__Data shown__.
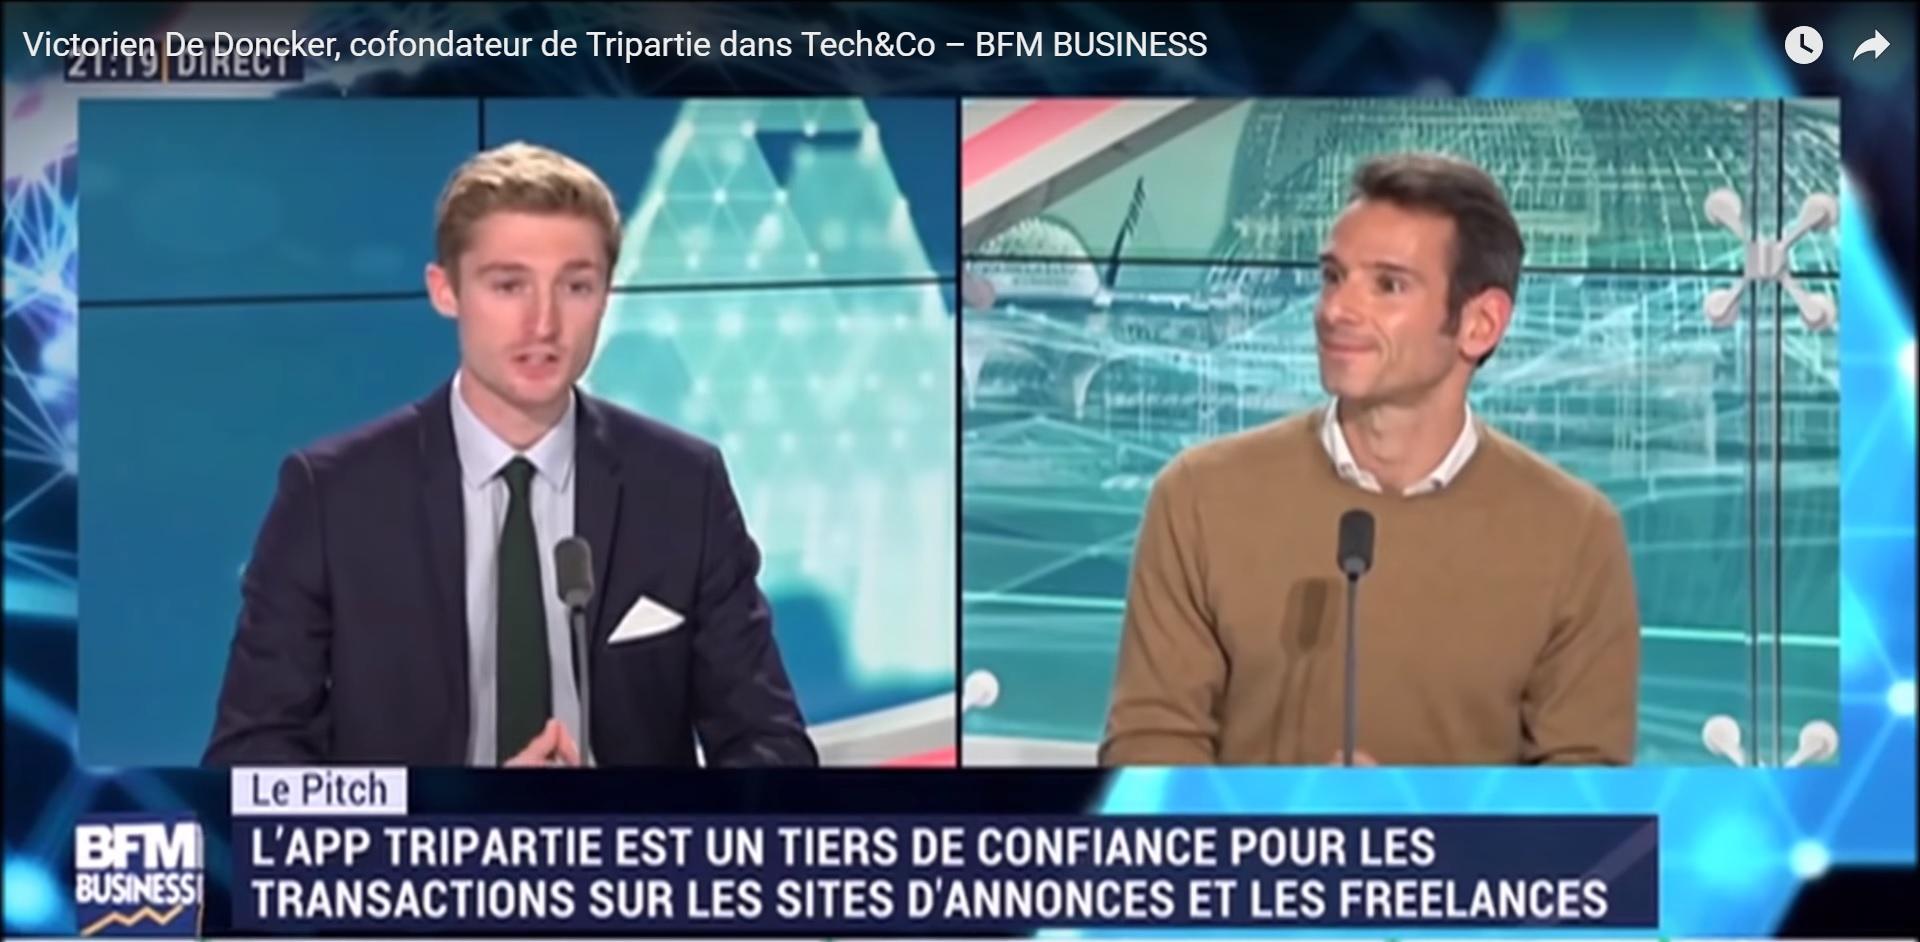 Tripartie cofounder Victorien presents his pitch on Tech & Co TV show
...
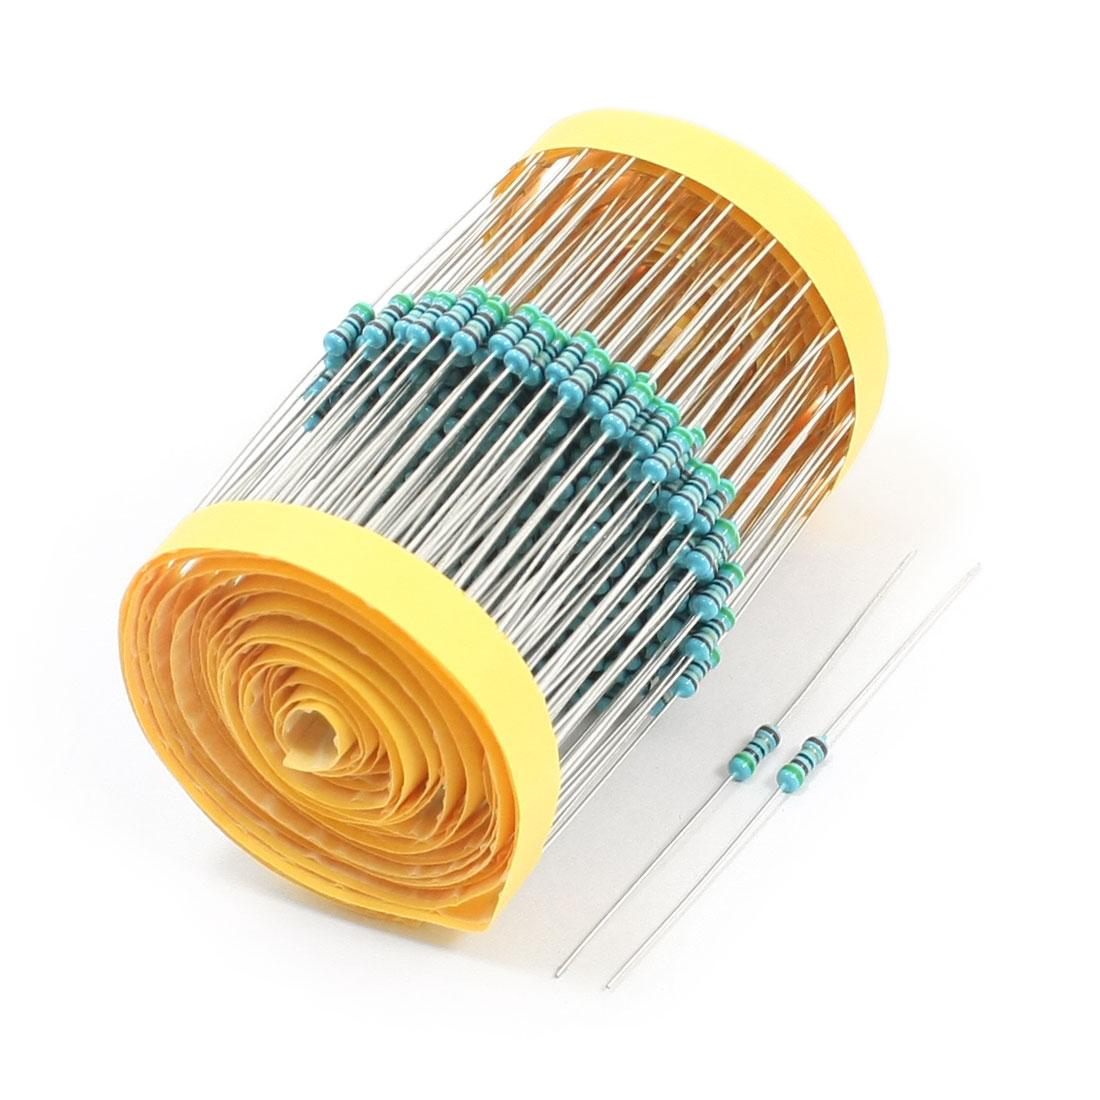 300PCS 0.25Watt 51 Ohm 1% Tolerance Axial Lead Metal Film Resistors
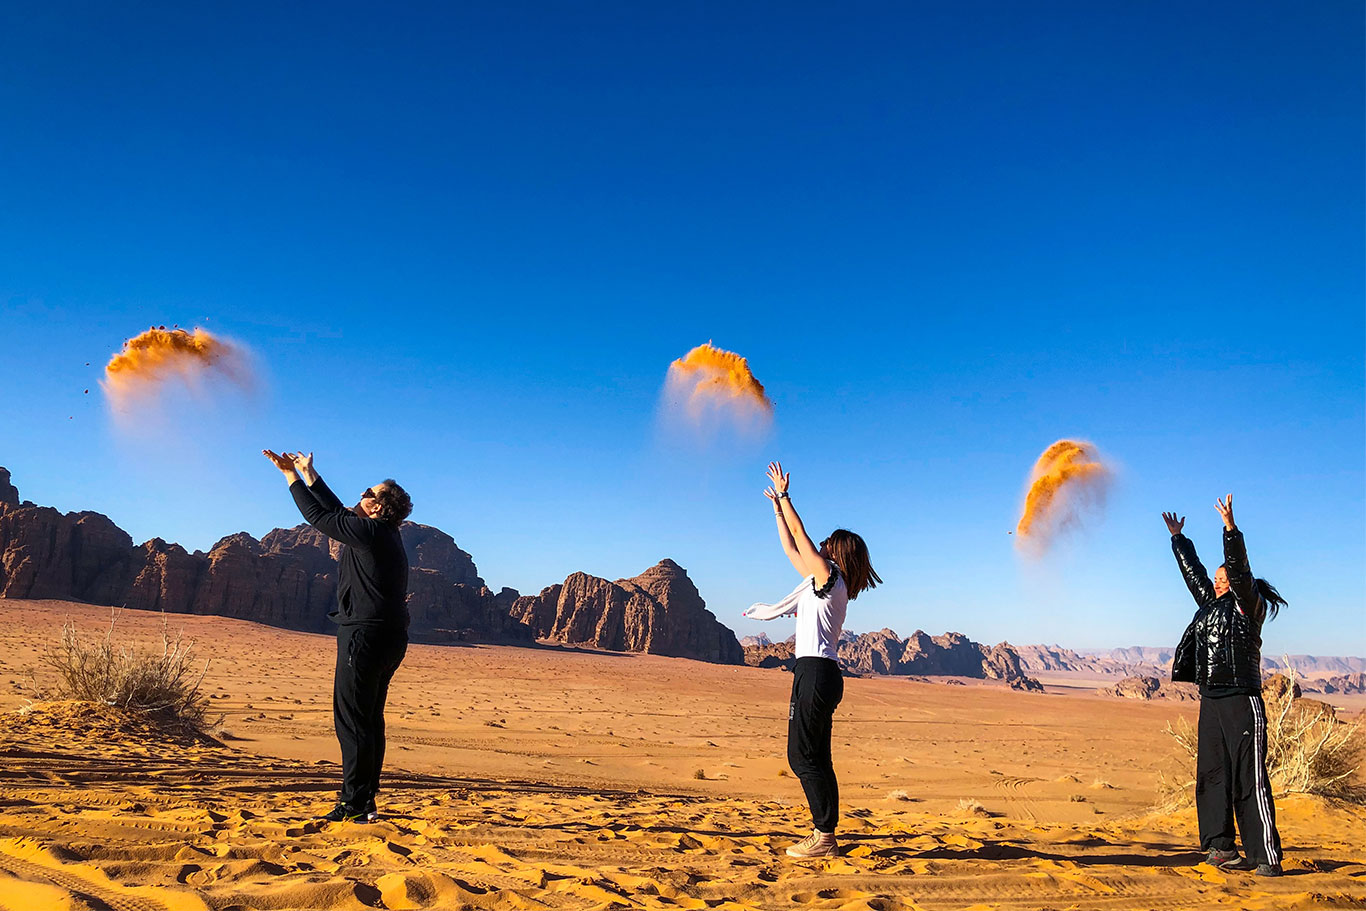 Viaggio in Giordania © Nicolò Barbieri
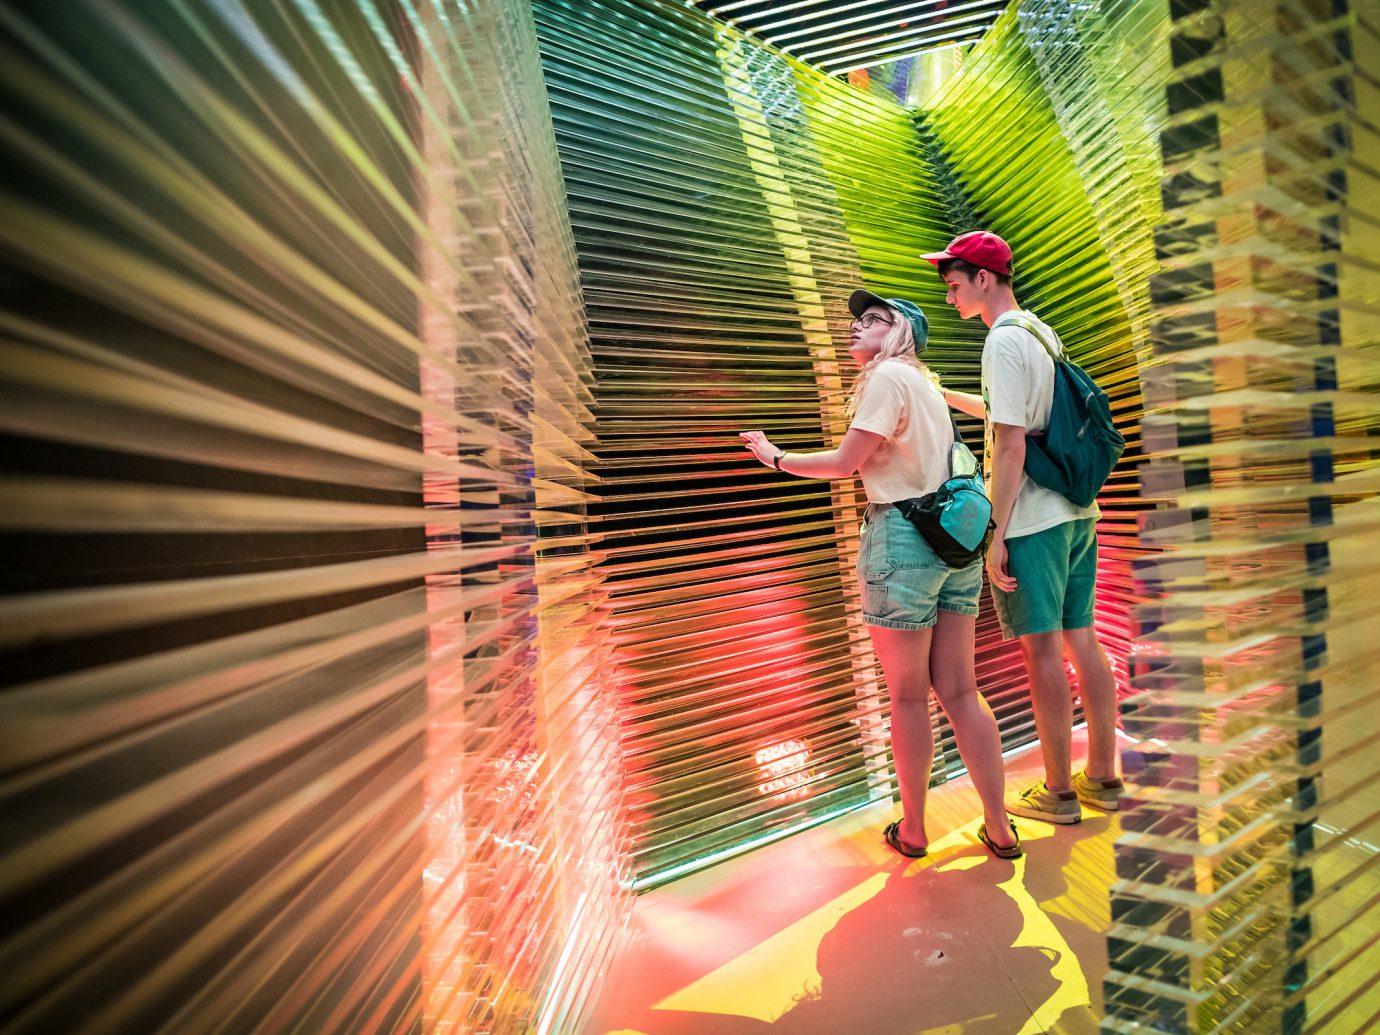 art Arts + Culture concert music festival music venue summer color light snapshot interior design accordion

__Assigned task__. Given the listing above, retype only the span of lines from the line with "300PCS 0.25Watt 51" up to and including the line with "art Arts + Culture", exactly as it stands and without pictures.

__Solution__.
 300PCS 0.25Watt 51 Ohm 1% Tolerance Axial Lead Metal Film Resistors
 Viaggio in Giordania © Nicolò Barbieri
 art Arts + Culture concert music festival music venue summer color light snapshot interior design accordion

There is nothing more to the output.